Wednesday, January 2, 2013

2013 Goals

I'm not huge on doing new year's "resolutions" because I think they just tend to set yourself up for failure. Major life changes have to come when you're ready for them, which is not necessarily always on January 1. I mean, I'm still in hibernation in January, and productivity doesn't set in until around Spring Break. That being said, here are some things I'm working on now and hope to continue/improve in the new year.

Most of these goals are based on the book 7: An Experimental Mutiny Against Excess by Jen Hatmaker. I'm eagerly anticipating the user's guide to accompany this book, and the ensuing craziness of going at this thing full throttle. For now, here is where we've started.

1. No more plastic bags

I made Tommy some "boy-friendly" fabric bags for groceries so he doesn't have to use my pink and flowered bags so often, so I think he's warming up to the idea. That, and I told him that we were categorically not going to bring another Target bag into the house, so if we forgot our fabric bags we were just going to have to carry everything out by hand. Since then, he's been much better about remembering to grab them on our way out the door :)

2. Less processed food

Not that I'm really going to stop eating Goldfish, but I'd like to work on eating more things that the FDA actually categorizes as food (unlike Oreos). We are slowly but surely growing our garden in the back, and I'm looking forward to planting a lot more this spring. I'm also looking into some local CSAs, but the box of surprise produce makes me a little nervous. Does anyone know how to cook a radish? Maybe we'll start with fresh eggs. We also have some great farmer's markets around that I have yet to fully explore, and thanks to Pinterest, I can make homemade versions of just about any junk food you can imagine. It's totally ok if they don't look or taste the same, right?

3. Less spending (I'm looking at you, Baby G)
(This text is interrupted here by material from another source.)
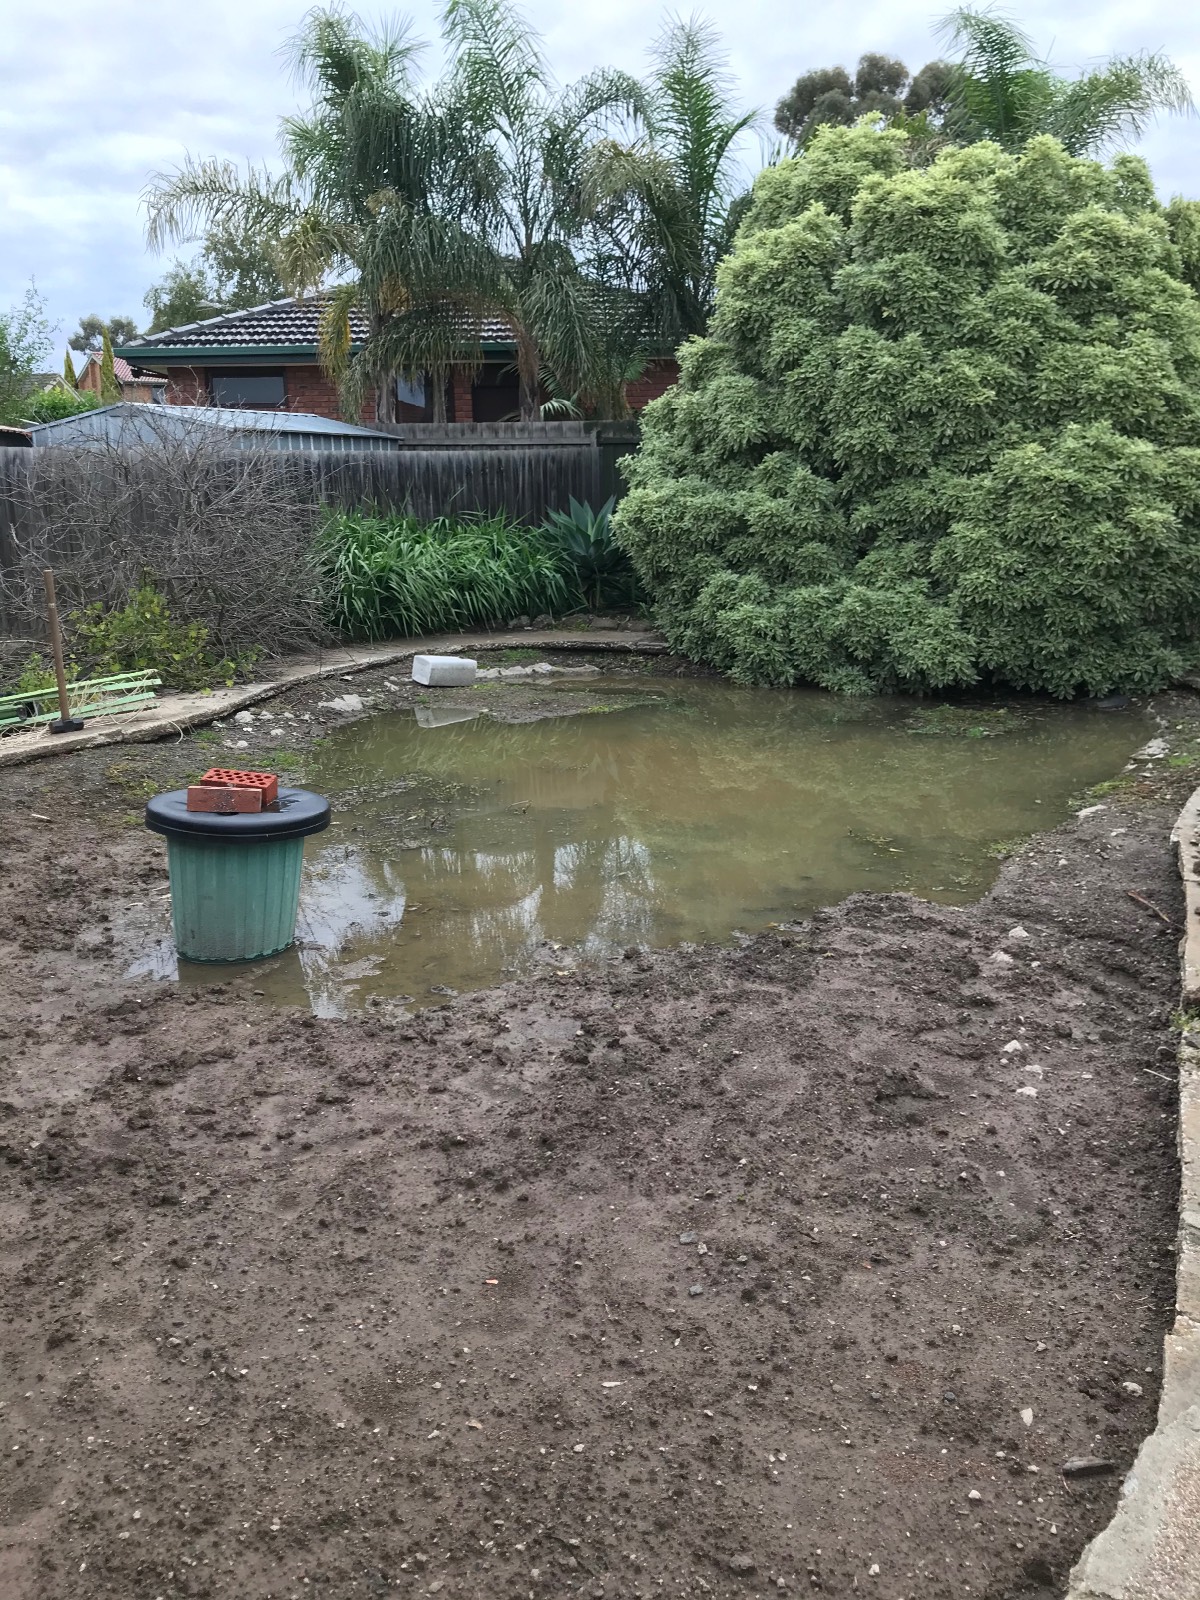 Inground pool already filled in - problems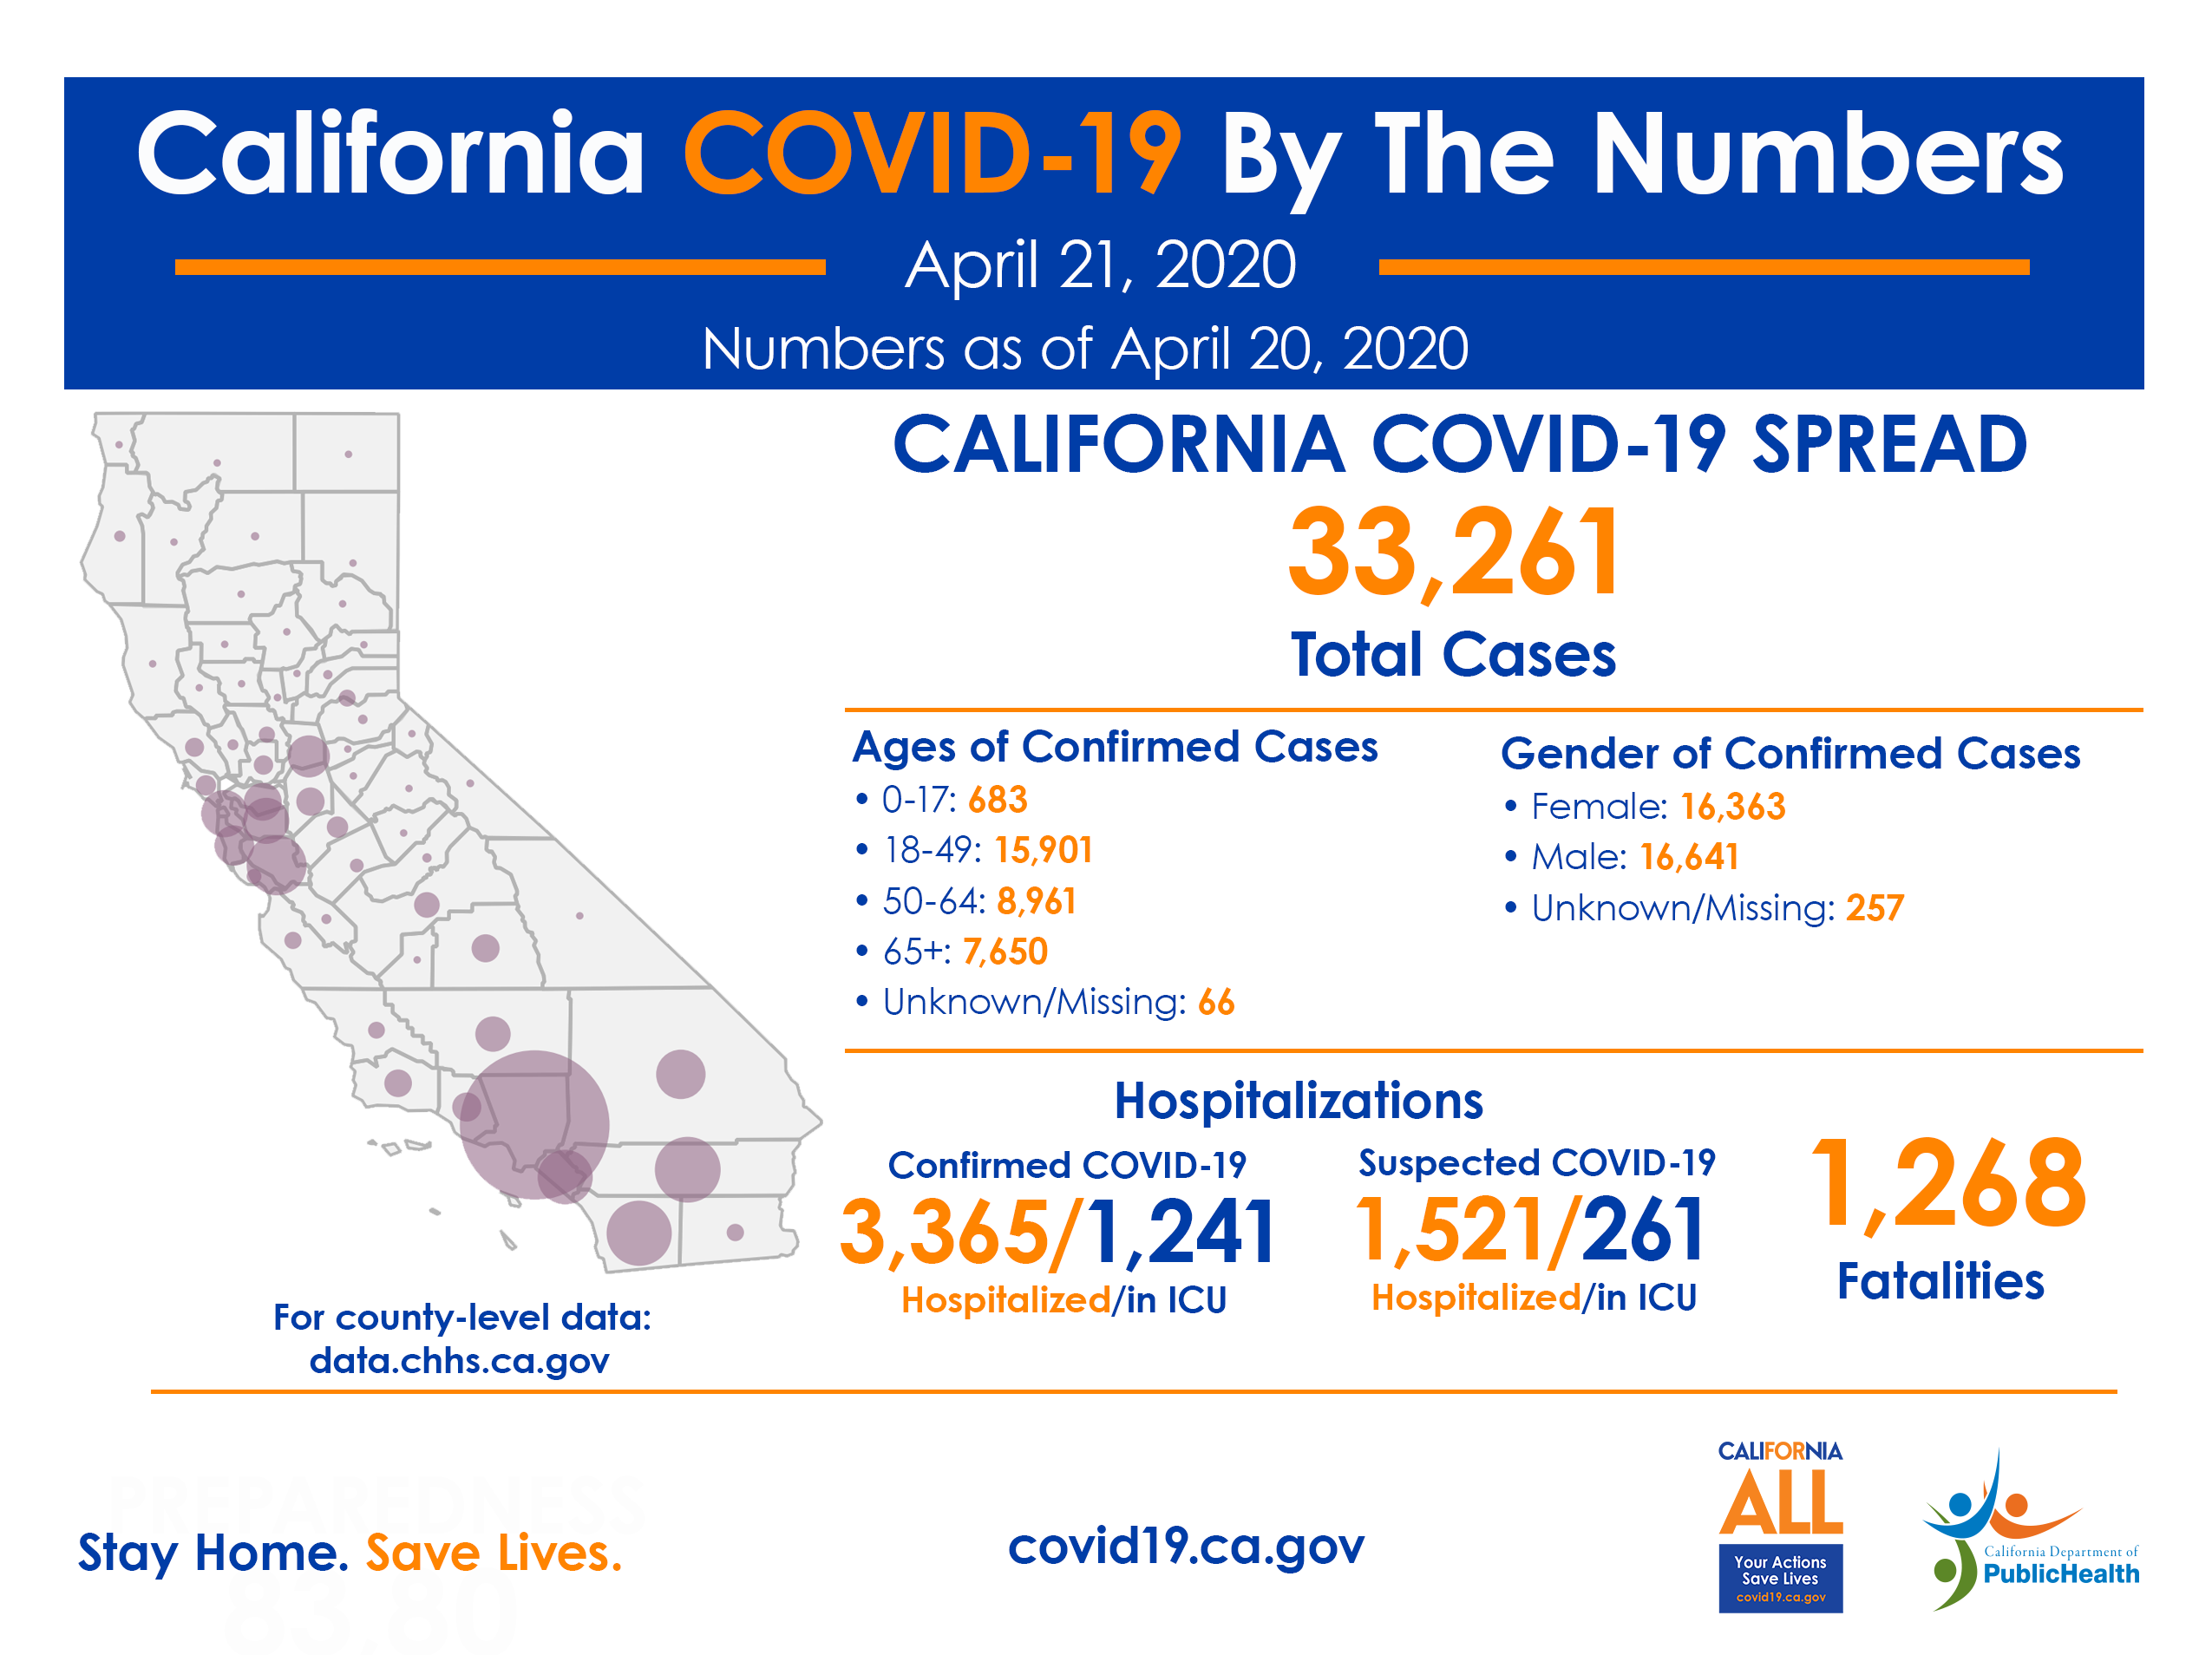 California COVID-19 by the Numbers as of April 20, 2020

This one comes out of necessity as we transition to one income this summer. And add an extra person to our household. We're taking our budget down a little each month in anticipation. It's pretty easy during the winter hibernation when I don't leave the house, but spring always brings a fresh desire to shop, along with floral prints and short sleeves. Ahh, spring. The pastels. The sunshine. Anyway, we're also hoping to use cloth diapers and breastfeeding to help keep expenses down with the baby. Not that I'm not going to accidentally drop a boat-load of money on the nursery in my attempt to save money by doing things myself (Try saying that three times fast).  For example, I still don't know the final amount of cash I dropped on the wedding on craft supplies and DIY projects. I have grand ideas of making curtains, and sheets, and nursing covers, but I am fully aware that sometimes it's way cheaper to just buy something.

4. Avoiding "busy"

I'm sick of idolizing busy-ness. It's not healthy to stretch yourself so thin (I cringe as I remember having this exact argument with my mom every day of high school, but it turns out she was right)' and it has kept me from doing things that are actually meaningful with the people I care about. Like sending birthday cards, or writing back to all of the people who reached out to me this year after I lost my mom. Or seeing my husband on weekdays and actually being able to carry on a conversation. I want my time back, and I'm fully aware how quickly it passes with a little one as they become not so little. Also under this category falls our media usage. Yikes. How many unnecessary hours do I spend on this iPad or watching tv? I haven't figured out exactly how I want to cut these things down, but I know it has to happen. I would like to keep up the blogging, and improve consistency (I even came up with a neat little schedule I'm going to work up to because I'm a planner like that), but not at the expense of life.

5. Give more

Without the busy in the way, we have the time to open our eyes and recognize needs, not to mention do what we can to meet them. Jen Hatmaker really hit me in her discussion of what it means to love your neighbor as yourself in practice. Financially, "as yourself" means you spend just as much on others as you do on yourself. I know we aren't ready to go 50/50 with our full budget, but we can certainly do it with the unexpected gift money we get throughout the year. We started the idea over Christmas, and it was definitely painful to watch my shoe dreams get cut in half, but that's the whole purpose of giving to the point of sacrifice. We also know an amazing couple who are beyond grateful to have some help in their adoption journey, which makes this an even easier decision!